Author's Note: Hello! I must thank Faeyero for being the best beta. Also thank you all for the crazy, insightful, challenging (in a good way), question filled reviews. I love them. Just one quick thing to go over about the story up to this point. The only people who know that Grace is a product of the small library are Cora, Granny, and Matthew. The people who know that the small library took place are Isobel & Sybil. Tom only knows that Sir Richard "hurt" Mary, which was enough for him to hate the man forever. I am not claiming that Isobel or Sybil have not put two and two together. But I just want to be clear that disclosing the rape and disclosing Sir Richard's role in Grace's life are two very different things. The only reason I am making a big deal about is that to Mary, they are two very different things. xx
Chapter Twenty Five
Waking up naked, wrapped around each other, Mary's damned cold toes against his calf, felt strangely luxurious. He was surprised she hadn't awakened sick yet and he considered pressing his luck to see if she would be interested in a morning repeat of last night. But then he heard "Papa! Papa!" from the next room.
"She's calling for you," Mary murmured without shame, sleepily, as she rolled over. "I can't help it if she wants her papa."
He leaned down to kiss her lips. "You know that won't work with this one, right?" he grinned, resting his hand against her belly. "He or she won't be able to say Papa for quite awhile." She smiled sleepily at him and turned back over to burrow beneath her pillow.
He was so bleary eyed from lack of sleep (first staying up to read the letters about that man and then because his wife wouldn't give him a moment's peace, which was perfectly all right with him) that he caught himself nearly walking out of the room naked. He grabbed a pair of pants and slid his arms into his unbuttoned shirt before heading down the hall to their daughter's room. When he returned to bed not two minutes later, Mary let out an exhausted grunt. "Where's Grace?"
"Cousin Violet came by to see Mother after yesterday's happenings. Mother said after all the drama we should have a lie in and that she was perfectly happy and perfectly capable of watching her granddaughter for a few hours," he murmured, pressing kisses up her back, moving her hair off the back of her neck as he went. She was waking up now, only half-reluctantly.
She purred, then moved a little bit away from him to glare out of one eye. "Your mother is not our nanny."
"Mary," he begged, pressing his forehead to her shoulder. "She offered to give us hours to sleep...and be together." He paused and she went still. "Besides, don't you think they should have some bonding time?" he wheedled.
She rolled over towards him, one of her legs sliding between his, eyes still closed, voice still fuzzy. "You're very clever, you know."
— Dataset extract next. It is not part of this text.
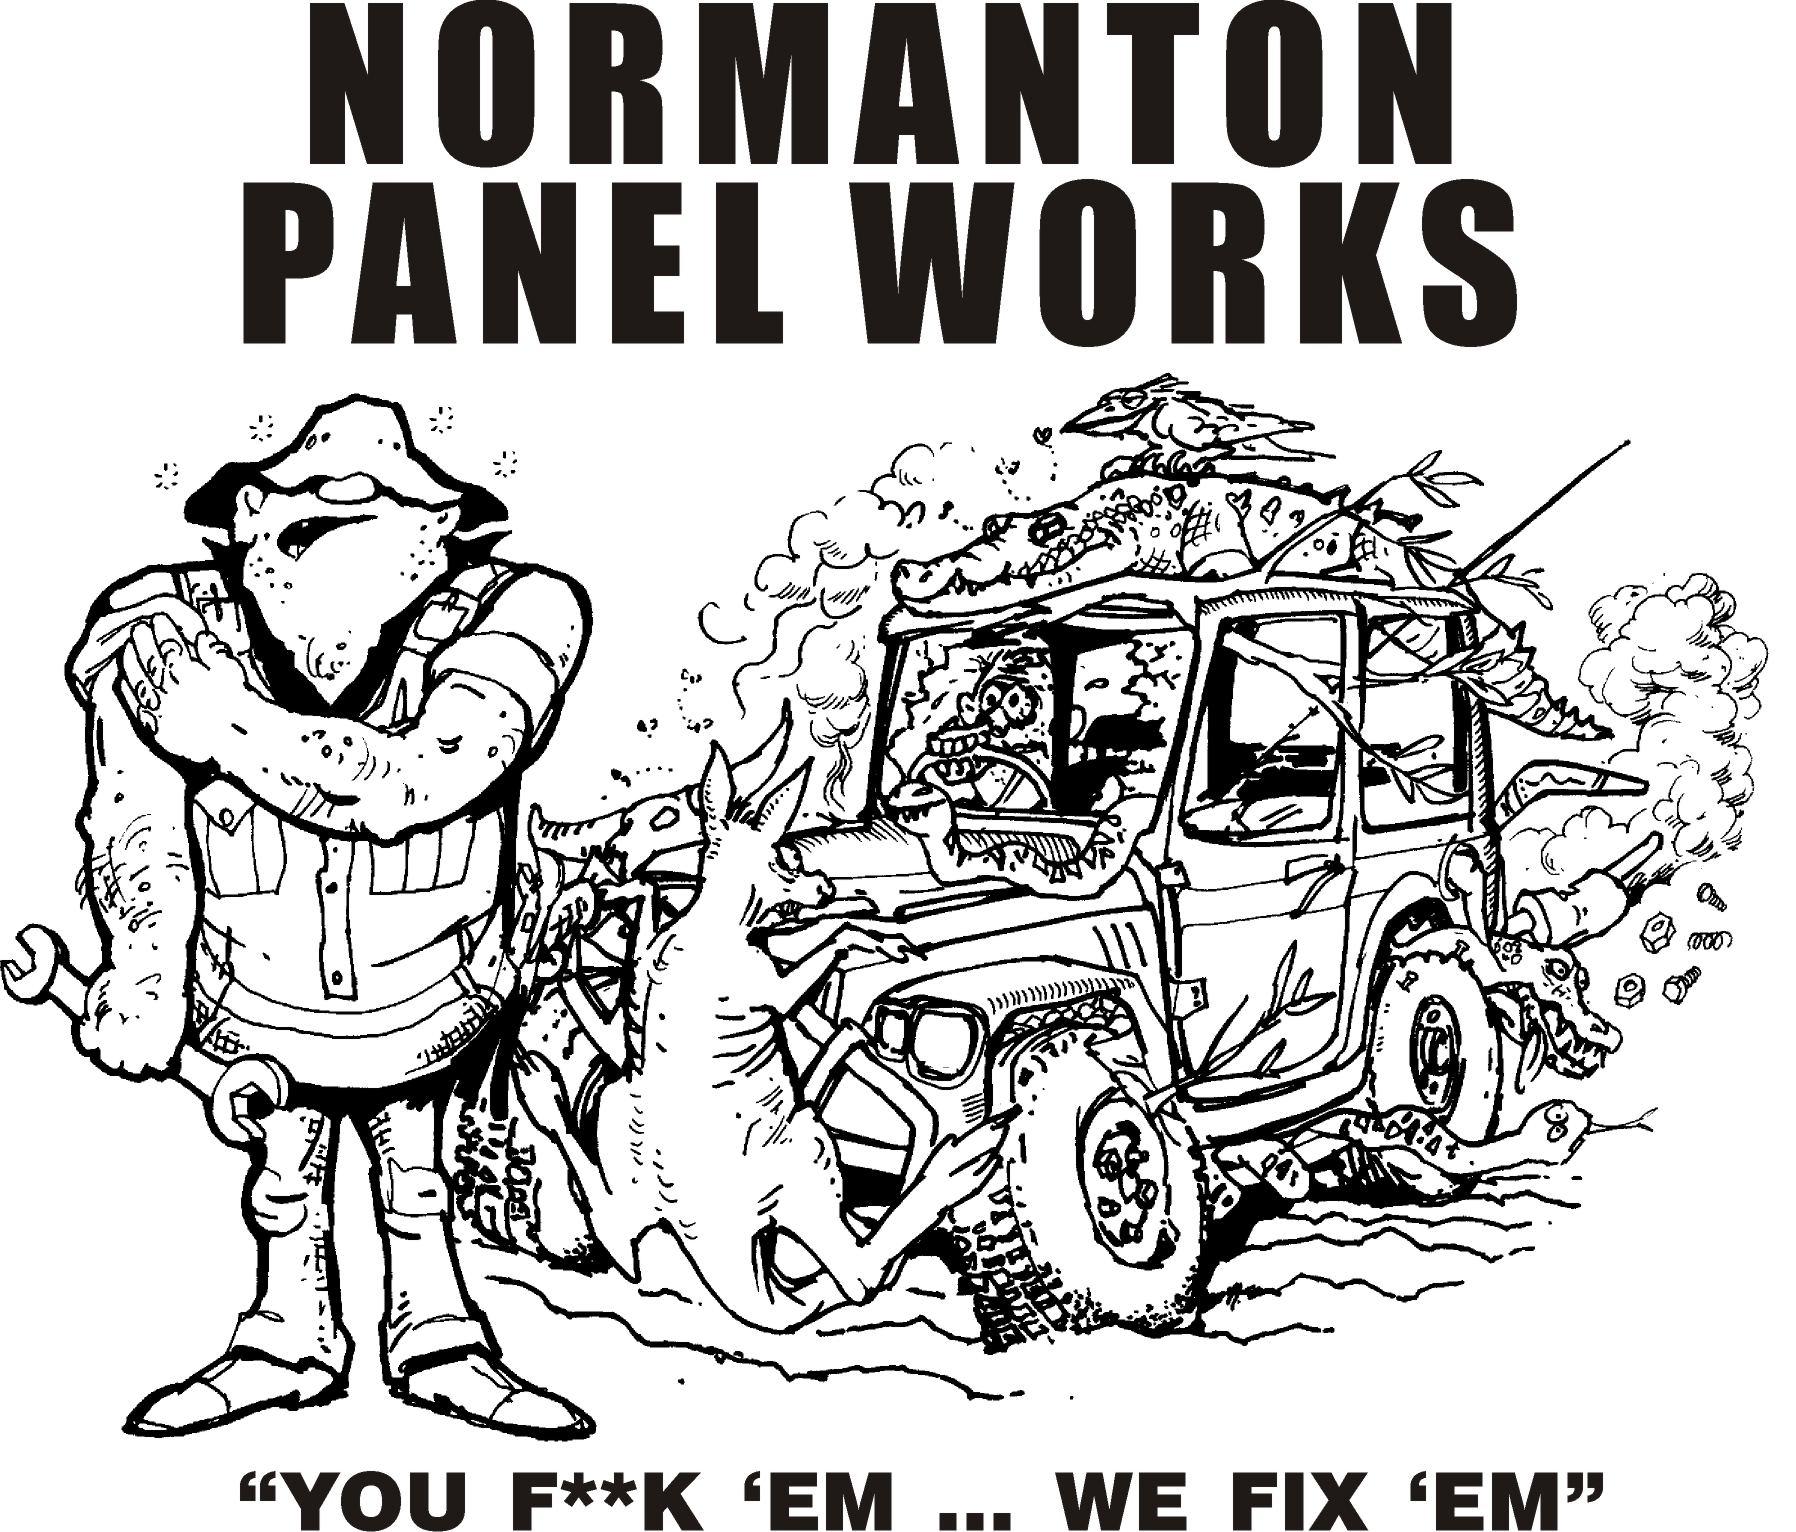 NORMANTONPANELWORKS1

"Well, then, let your clever husband point out something he noticed," he said, leaning down to kiss her once more. "You haven't been sick yet this morning. Maybe we've found the cure." He smirked at her.
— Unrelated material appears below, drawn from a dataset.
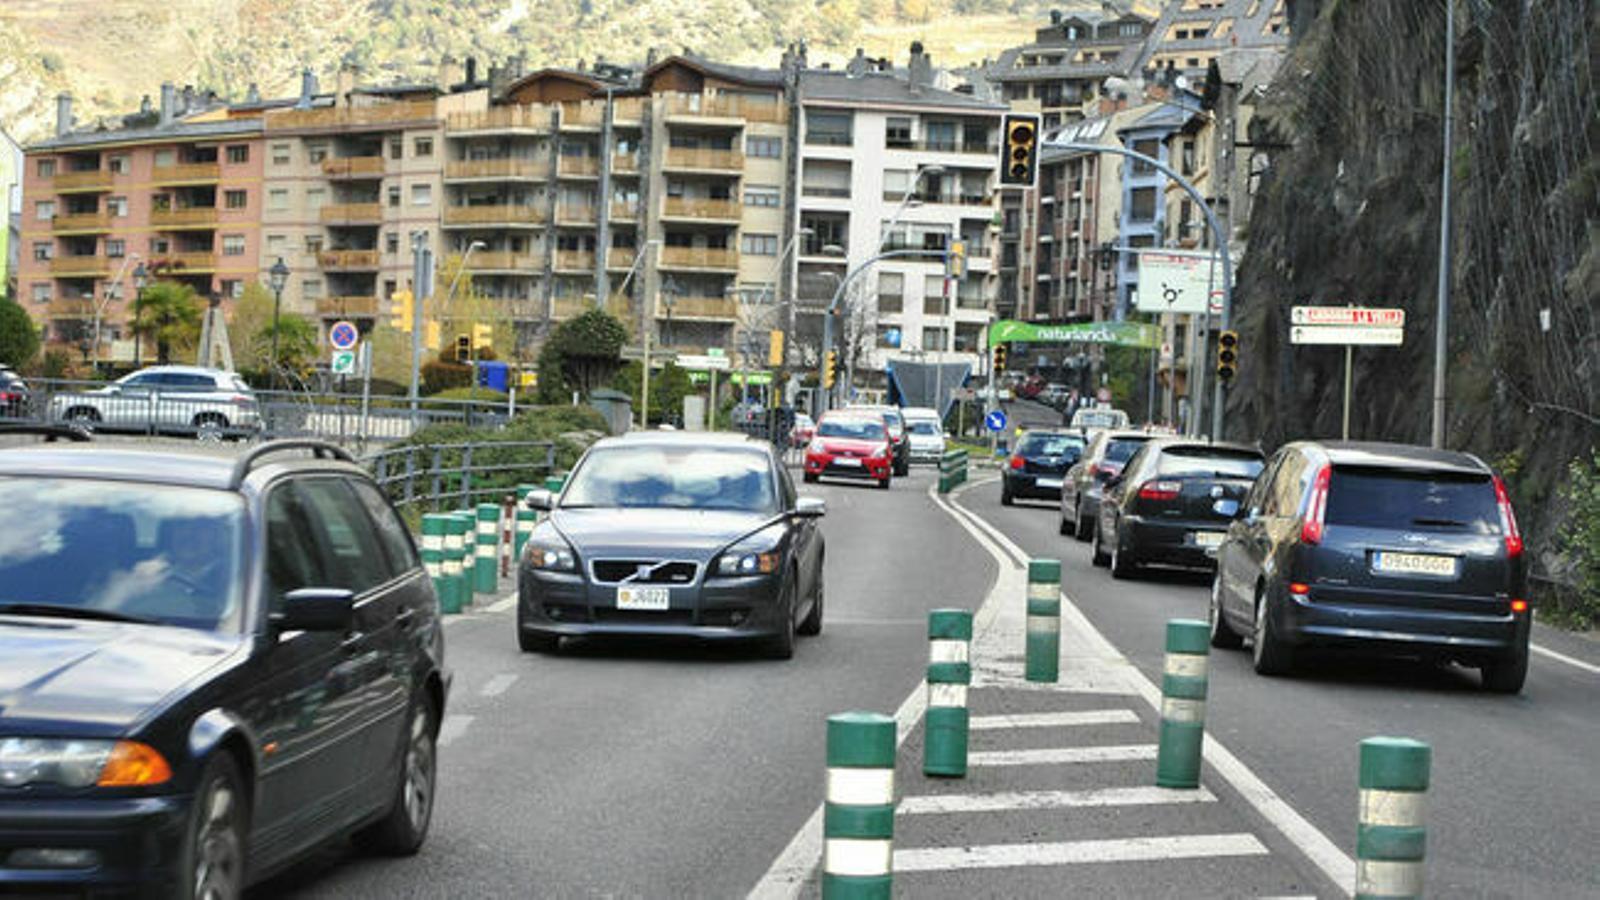 Vehicles circulant per Andorra. / M.R.F.

She pinched his side. "I don't think I'm going to be sick, cure or no cure. My stomach doesn't feel perfect but much better than any other morning. And it's because I'm farther along in the pregnancy, you dolt, just like the doctor said. It was the same last time."
"Do you want me to get you something? Tea? Toast?" he asked, stroking his hand lightly over her belly.
"Mmm...You can take off your clothes and get back in bed, if you really want to do something for me," she grinned, her eyes still closed.
"Are you sure you're even awake?" he asked, removing his shirt.
"I can tell you are," she murmured, sliding the leg between his a little higher to feel him waiting and heavy.
"Do you think–you know the doctor said you need to be comfortable," he began, brushing kisses along her collarbone.
"He meant, in a very polite way, that when I am hugely fat, we might need to get creative in how we...mmm" she murmured, as he nibbled the hollow of her throat. He shifted his weight for better access. "Ouch!" she cried, and he started upright.
"What? What? Are you all right?"
"No, I'm fine," she soothed. "It's just...my breasts are a little tender. That happened before, too. Maybe you could just have a little more care with them than usual, all right?"
As if in apology, he pressed a soft kiss to first her right and then her left breast. "Speaking of, you know what I noticed last night?" Gently he took her breasts in his hands, cradling them while he continued to brush his lips over them.
"What?" she asked, breathing a bit more heavily at his touch.
"They were lovely before but it seems as if they've...blossomed a bit." He grinned wickedly at her for a moment before laying down a series of open mouthed kisses between her breasts, then up the slope of one and then the other.
"Yes," she sighed. "Every part of me is getting fatter."
"No," he shook his head definitely. "Not every part of you. Just these." He held her breasts and then lowered his head to press a kiss to her stomach, which indeed was starting to protrude a bit. "And I didn't say they were getting fatter. I said they were blossoming," he corrected.
"I just don't understand how this could make me more attractive to you." She blew out a long breath, but did not stop his ministrations, only ran her hand through his hair.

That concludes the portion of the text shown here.